PROBLEM TO SOLVE: Apart from the pictures, reproduce the data below exactly as it stands.

─── PROVIDED MATERIAL ───

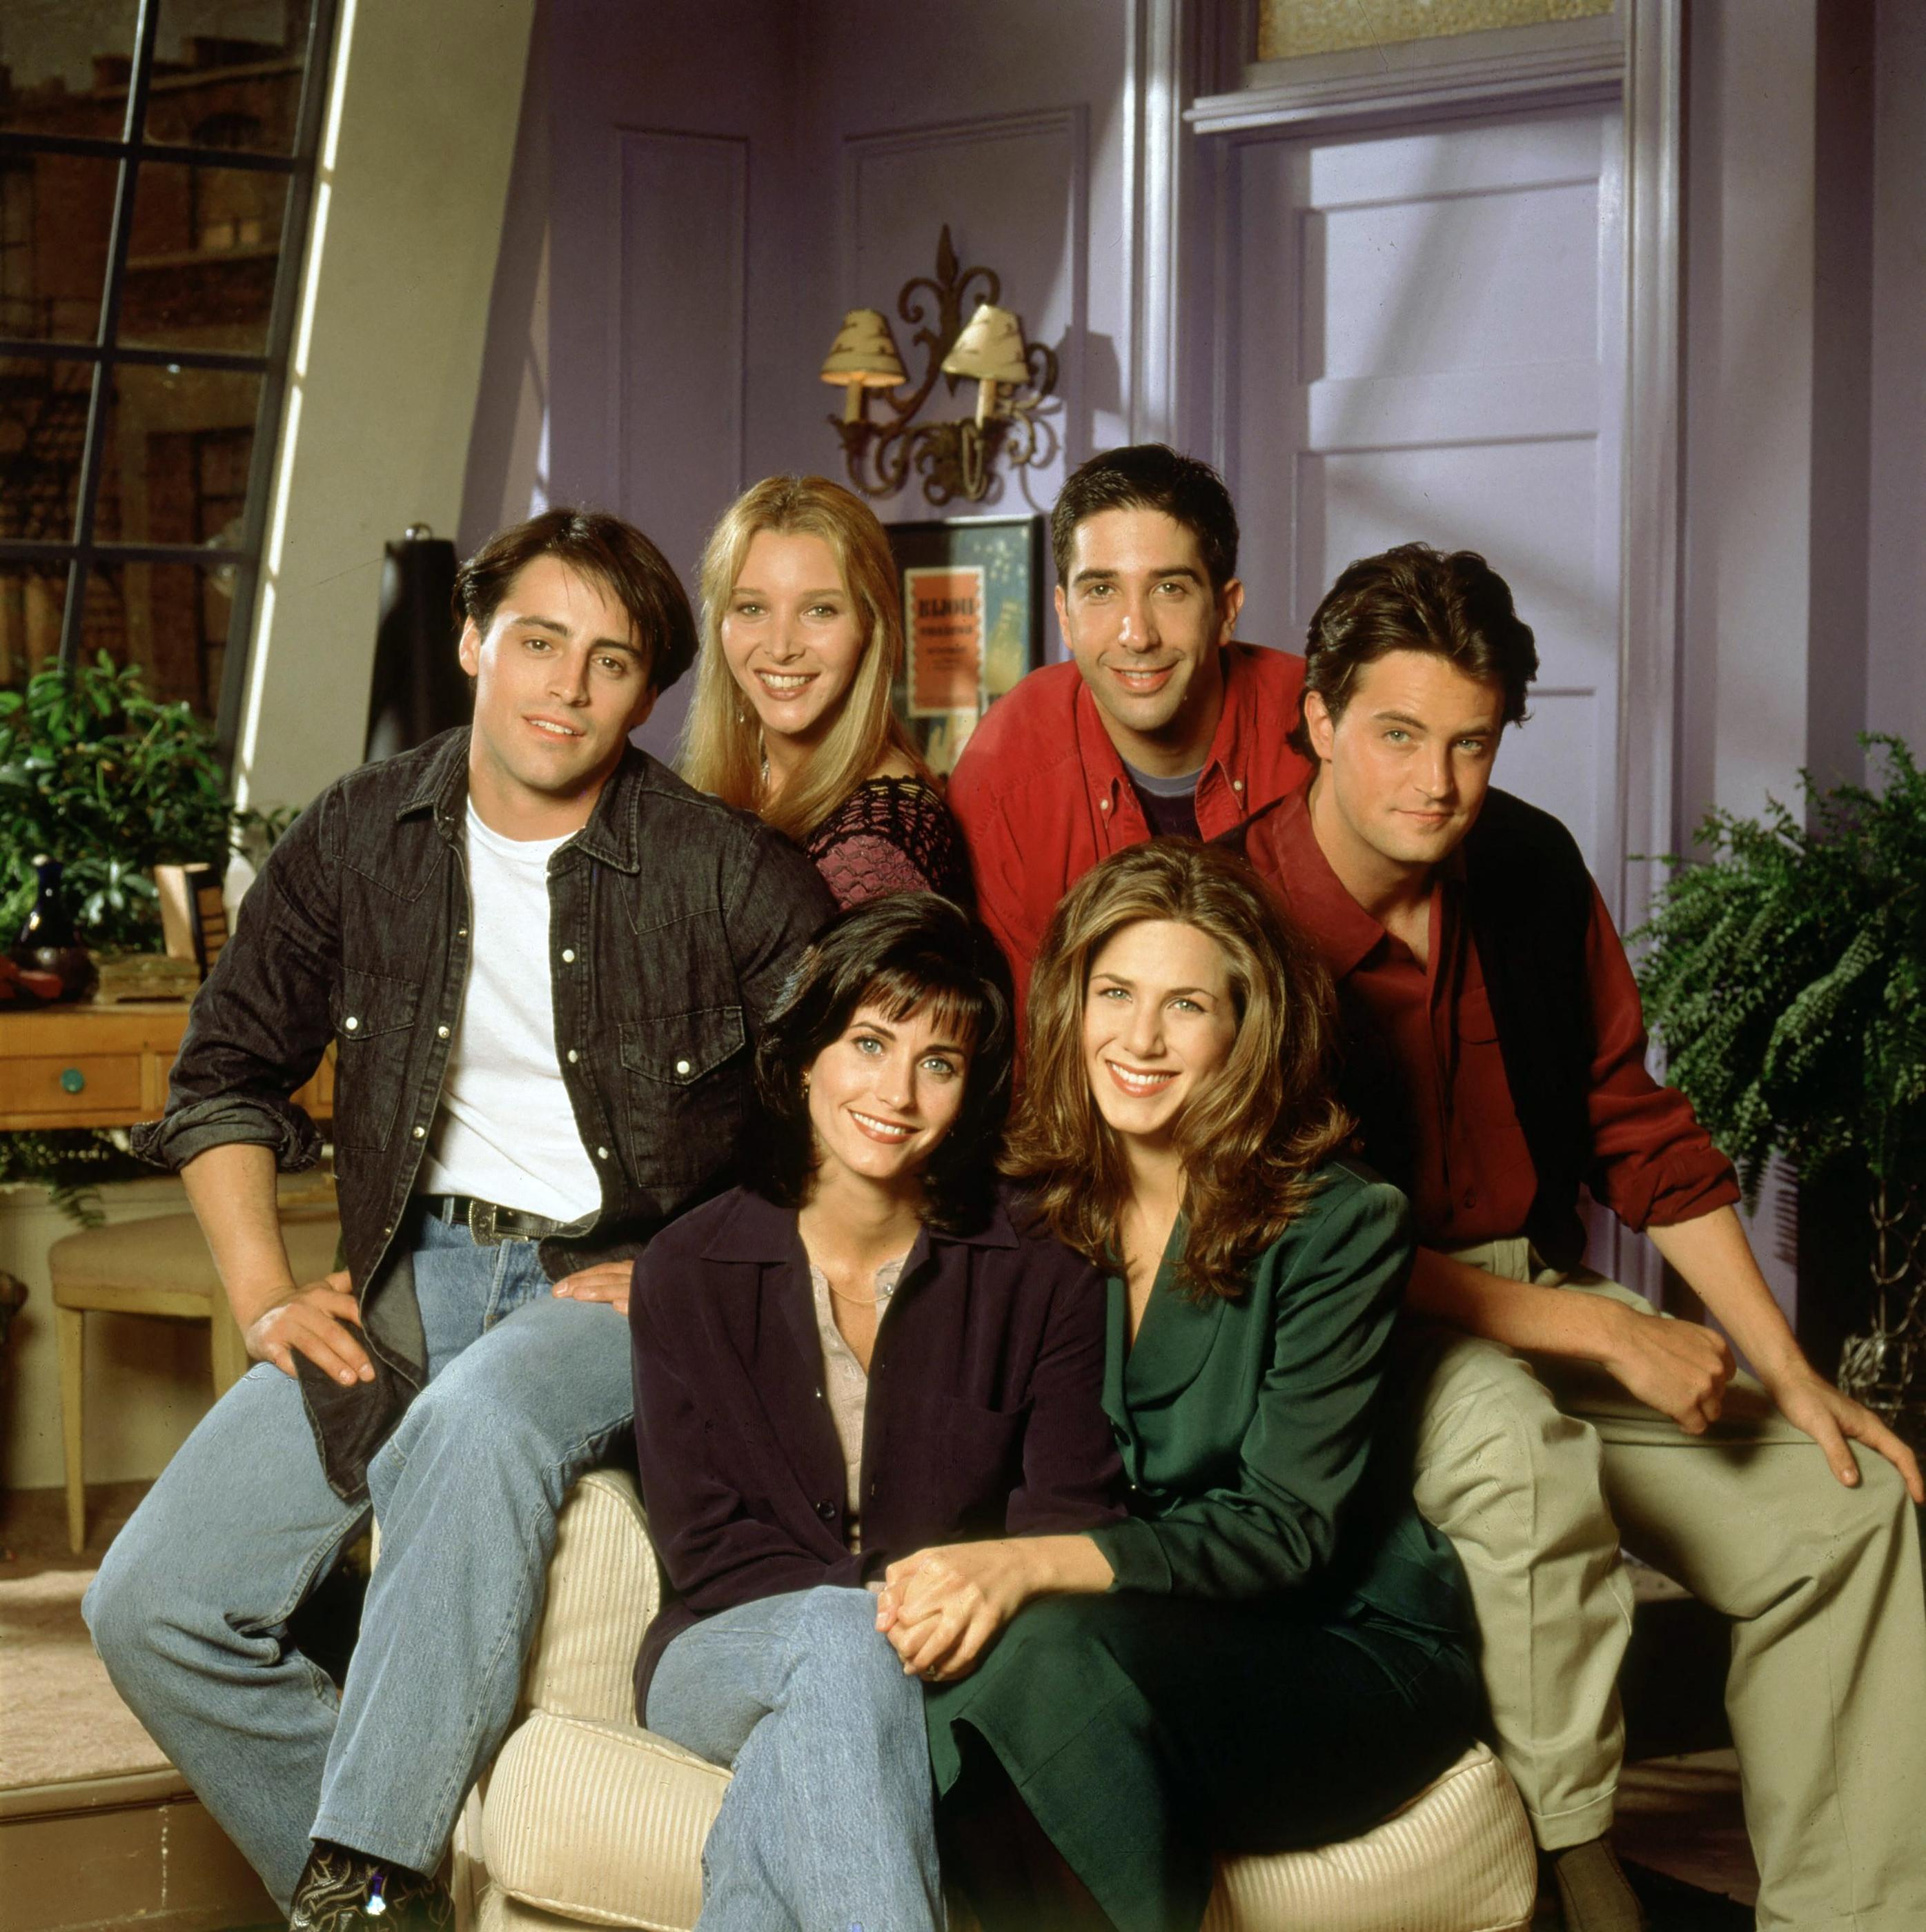 Il était Chandler, la star de la série télé Friends : Matthew
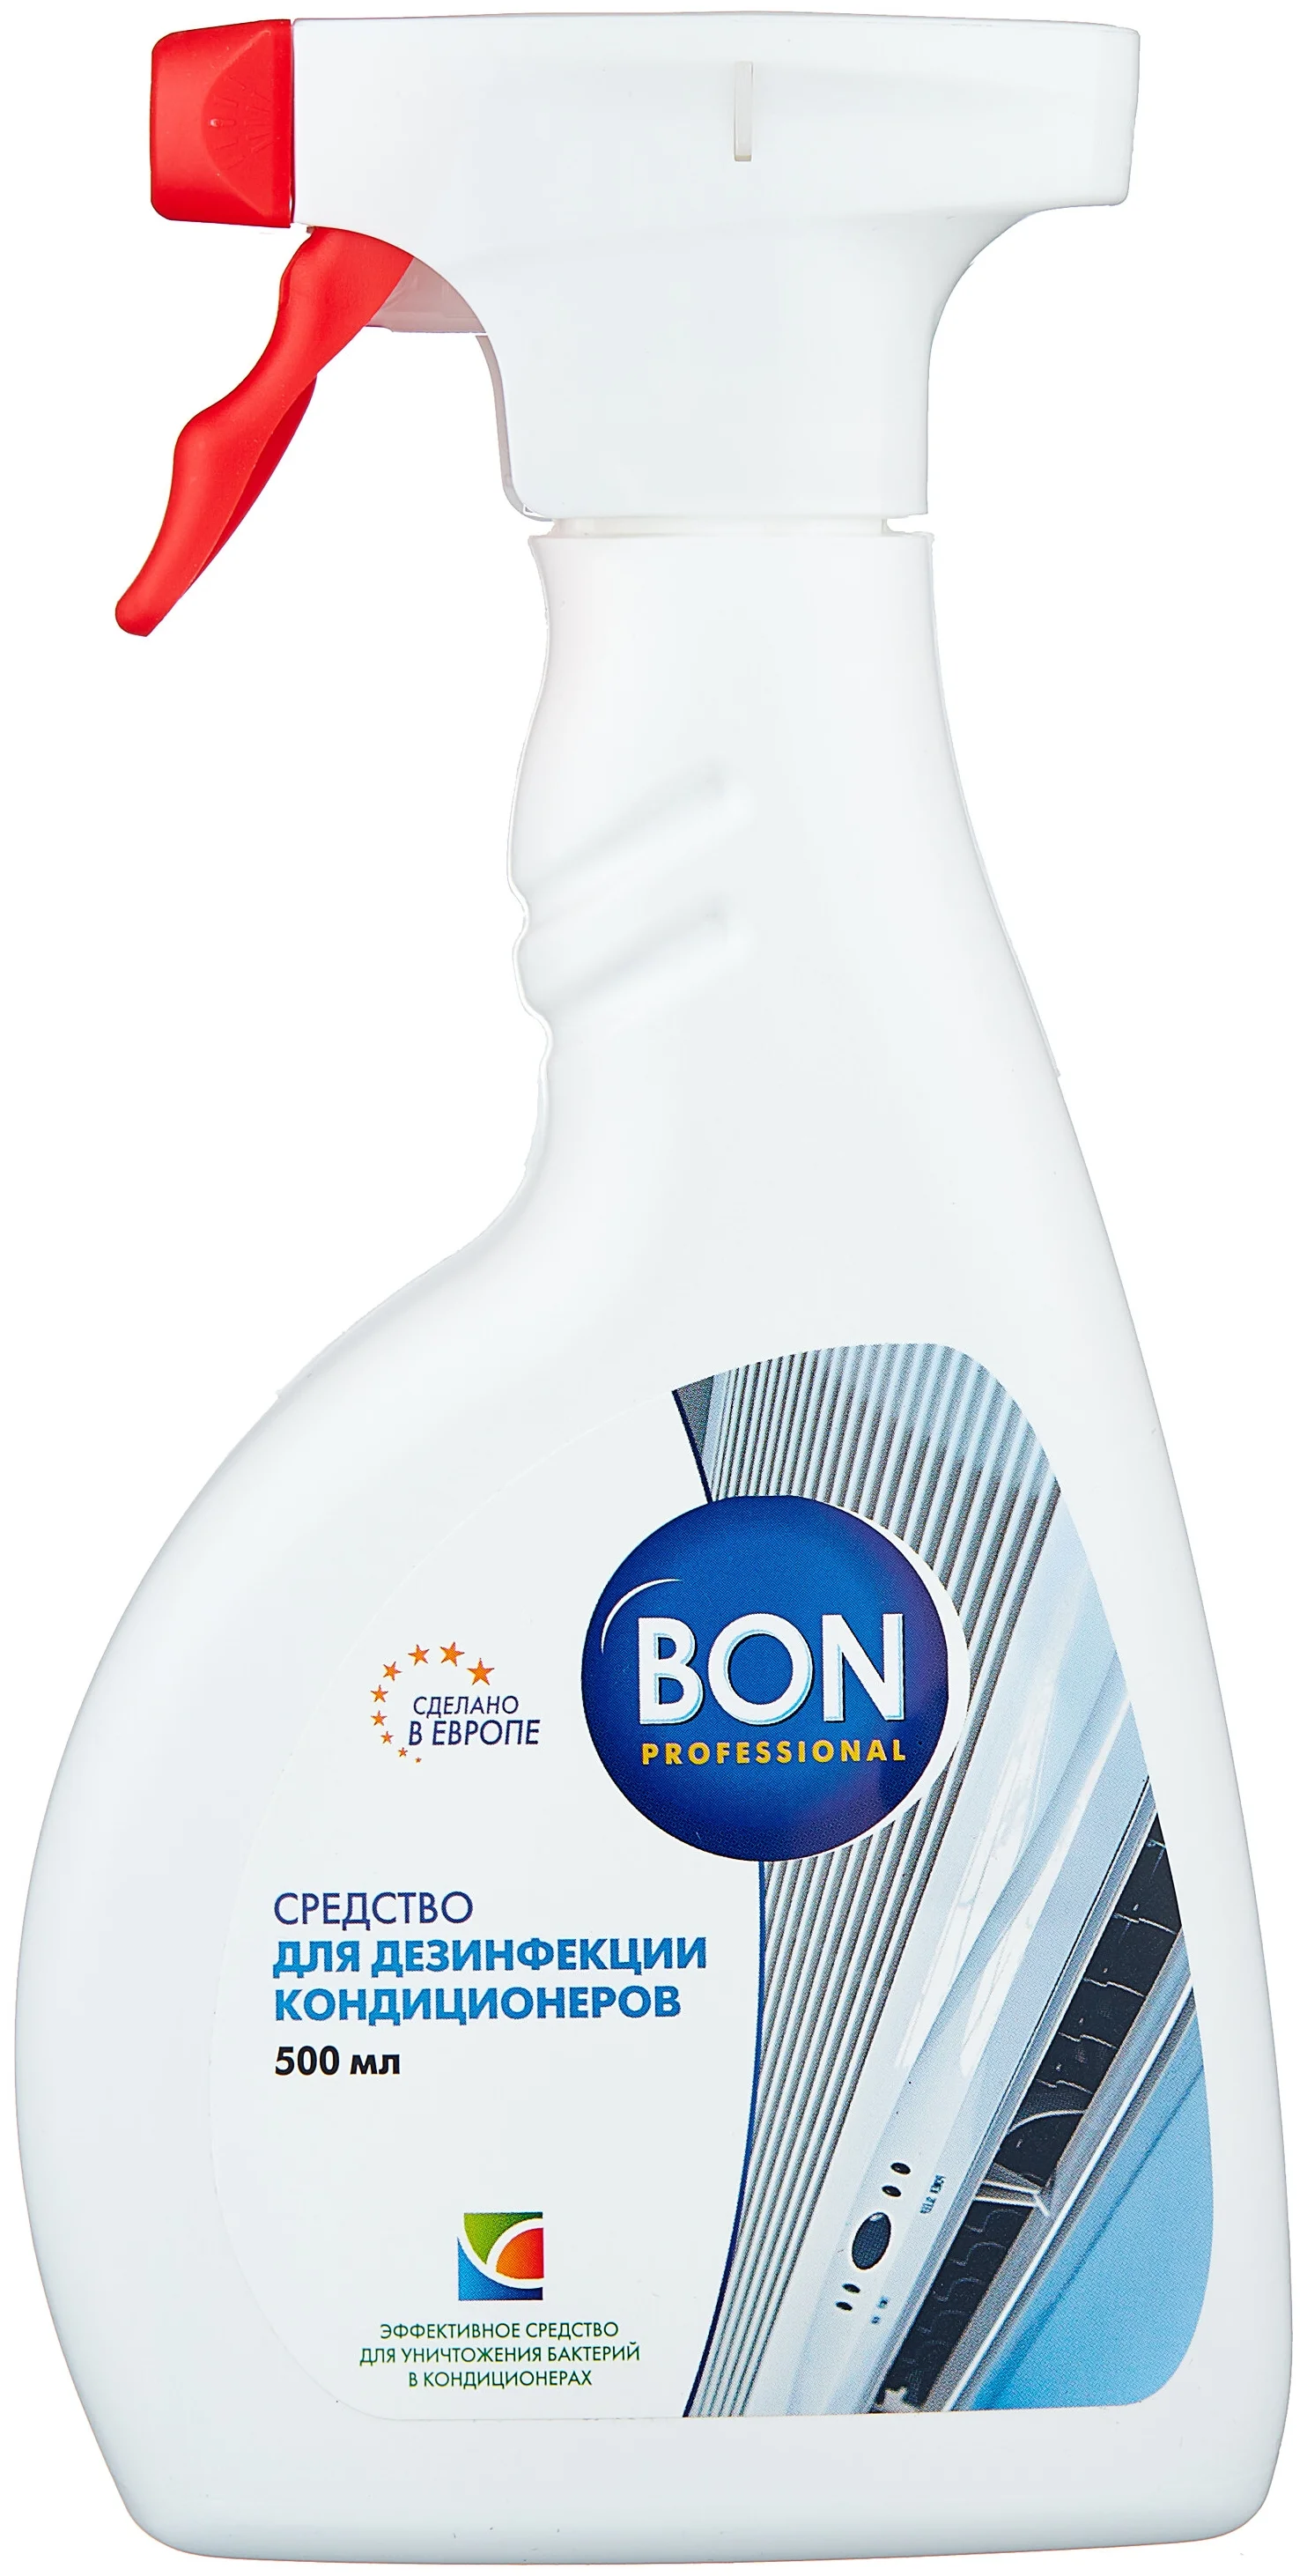 BON BN-153 - эффект: против плесени, антибактериальный, устранение неприятного запаха
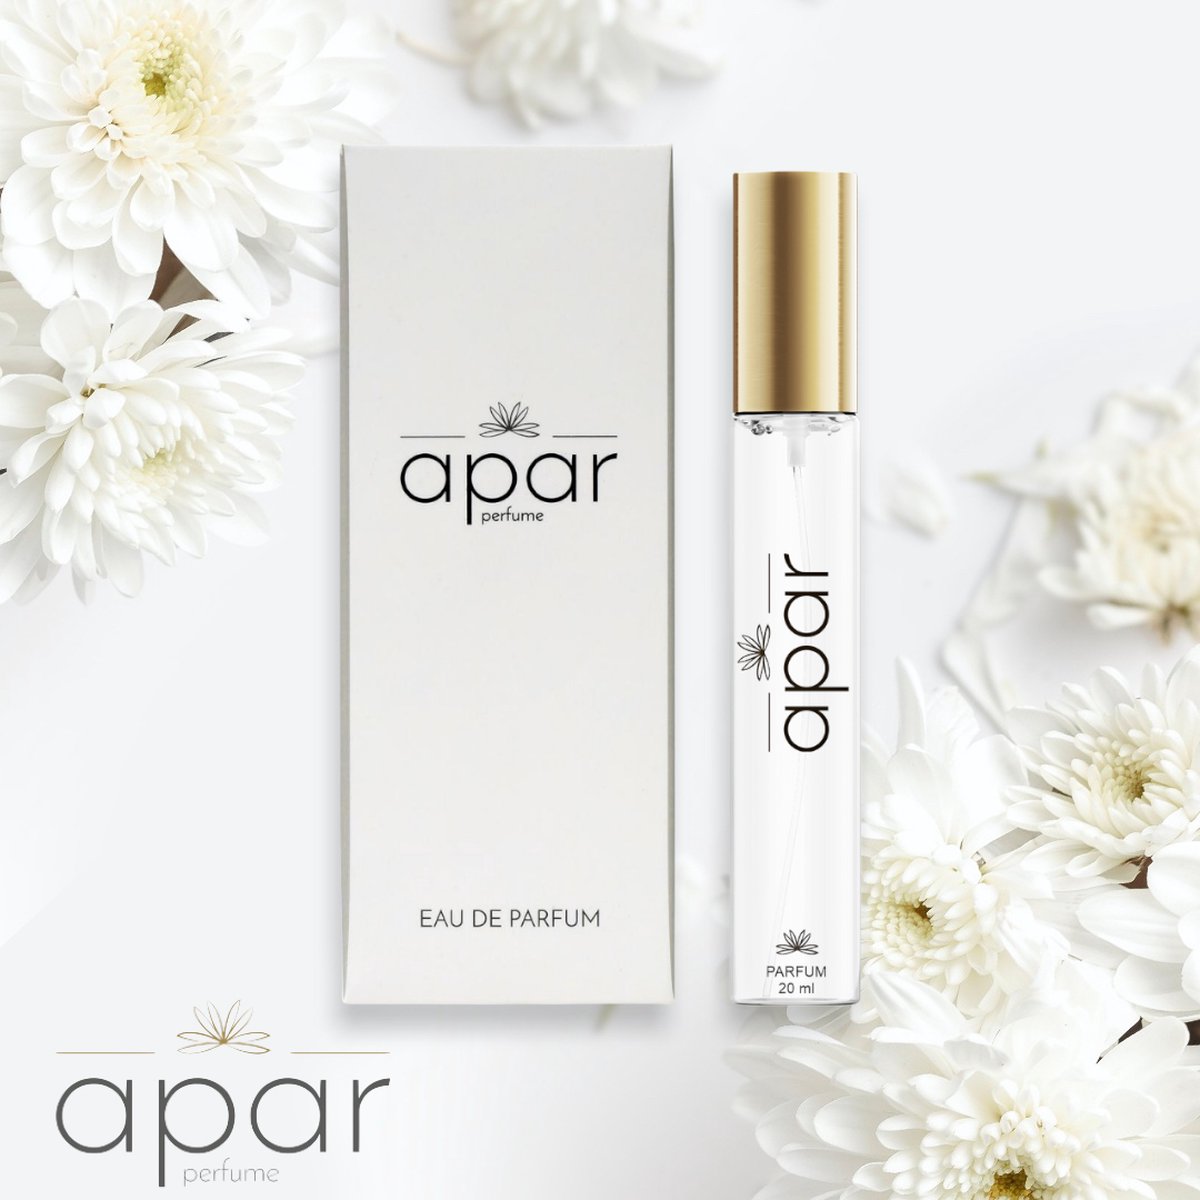 ❤Dure merk geuren voor een eerlijke prijs❤APAR Parfum EDP - 20ml - Nummer F195 Standard -

───

ANSWER SPACE:
 Il était Chandler, la star de la série télé Friends : Matthew
 BON BN-153 - эффект: против плесени, антибактериальный, устранение неприятного запаха
 ❤Dure merk geuren voor een eerlijke prijs❤APAR Parfum EDP - 20ml - Nummer F195 Standard -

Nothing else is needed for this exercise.